Marcel Winatschek

Zombie

Most of the time I’m nowhere. Not in the despair where everything about life and love and the future makes me want to scream and crawl into that dark hole that somehow feels sweet in its bitterness, where I could write my pain out raw and watch it leave when I hit publish. Not in the euphoria either—that cloud-nine moment when it’s a girl or a career win or just a bright fresh day, and I’m singing out praise to the sun and freedom and love. Those feelings are intense. They’re real, and they matter.

Right now I’m stuck in the flat middle, and it’s like a kind of numbness I never expected. I go to work. I laugh at parties. I fool around. I listen to music. It all happens without any particular thrill or dread, without the feeling that something special is happening. No high, no low, just the middle distance.
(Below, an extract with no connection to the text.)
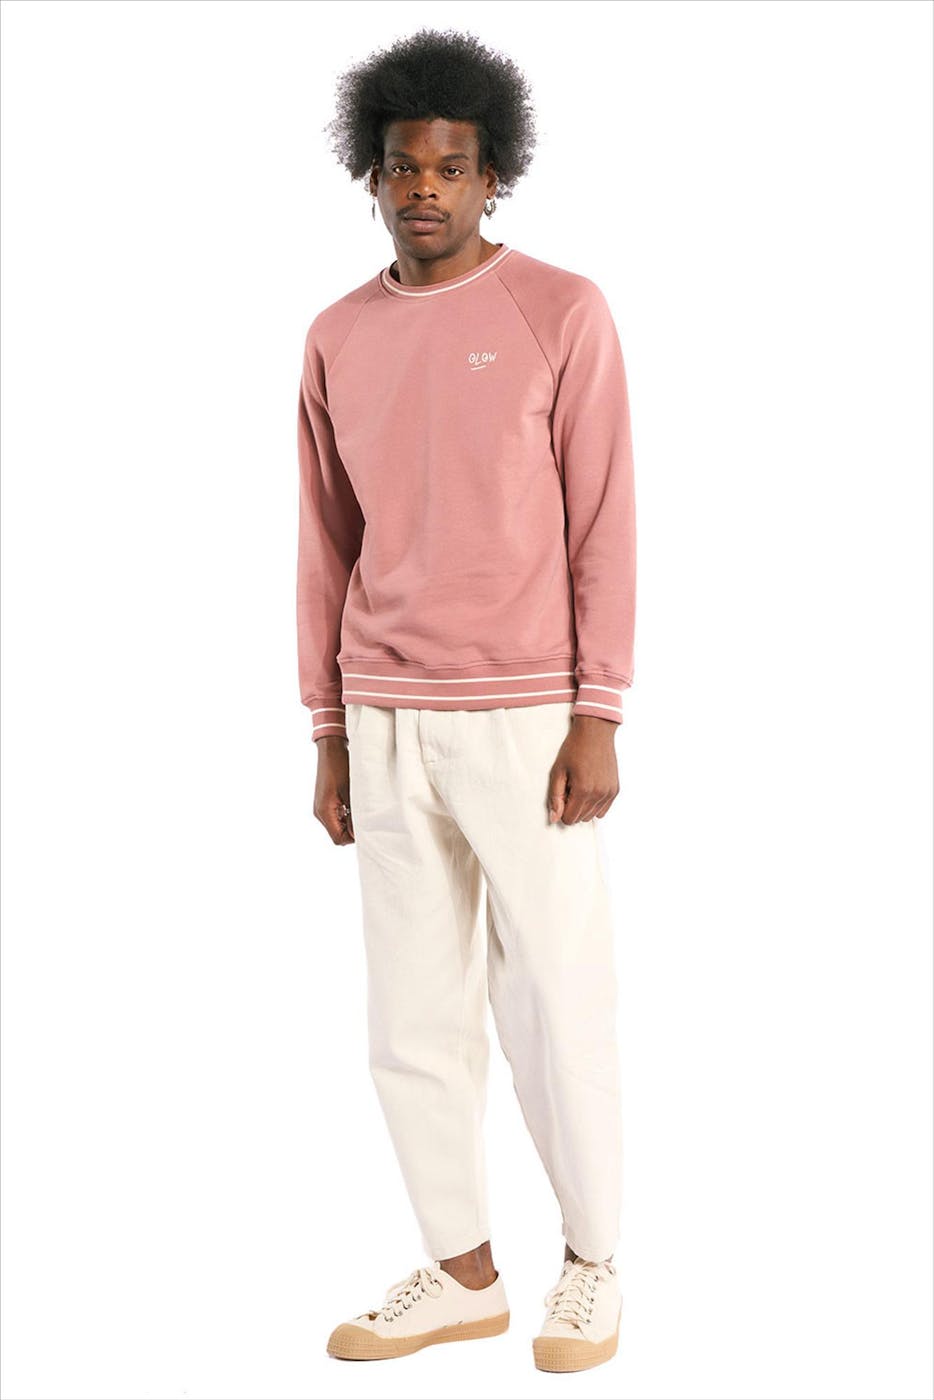 OLOW - Donkerroze Cruz sweater

It’s like watching a beloved film for the thousandth time. A movie you once loved more than anything. You know every scene, every line, every moment. You know exactly what comes next. You could recite it. So you watch it anyway, and it doesn’t break you anymore because there’s nothing left in you to break.

I’m living the exact thing I was terrified of as a kid. The ordinariness I swore with my friends I’d never let happen, not like everyone else. Routine. The everyday. A decent life that doesn’t feel like anything at all.

It’s like I surrendered in some long war and accepted the bitter-sweet defeat. I laid down my weapons and looked up at the sky and waited for it to be over. The living death has arrived. I’m a zombie now.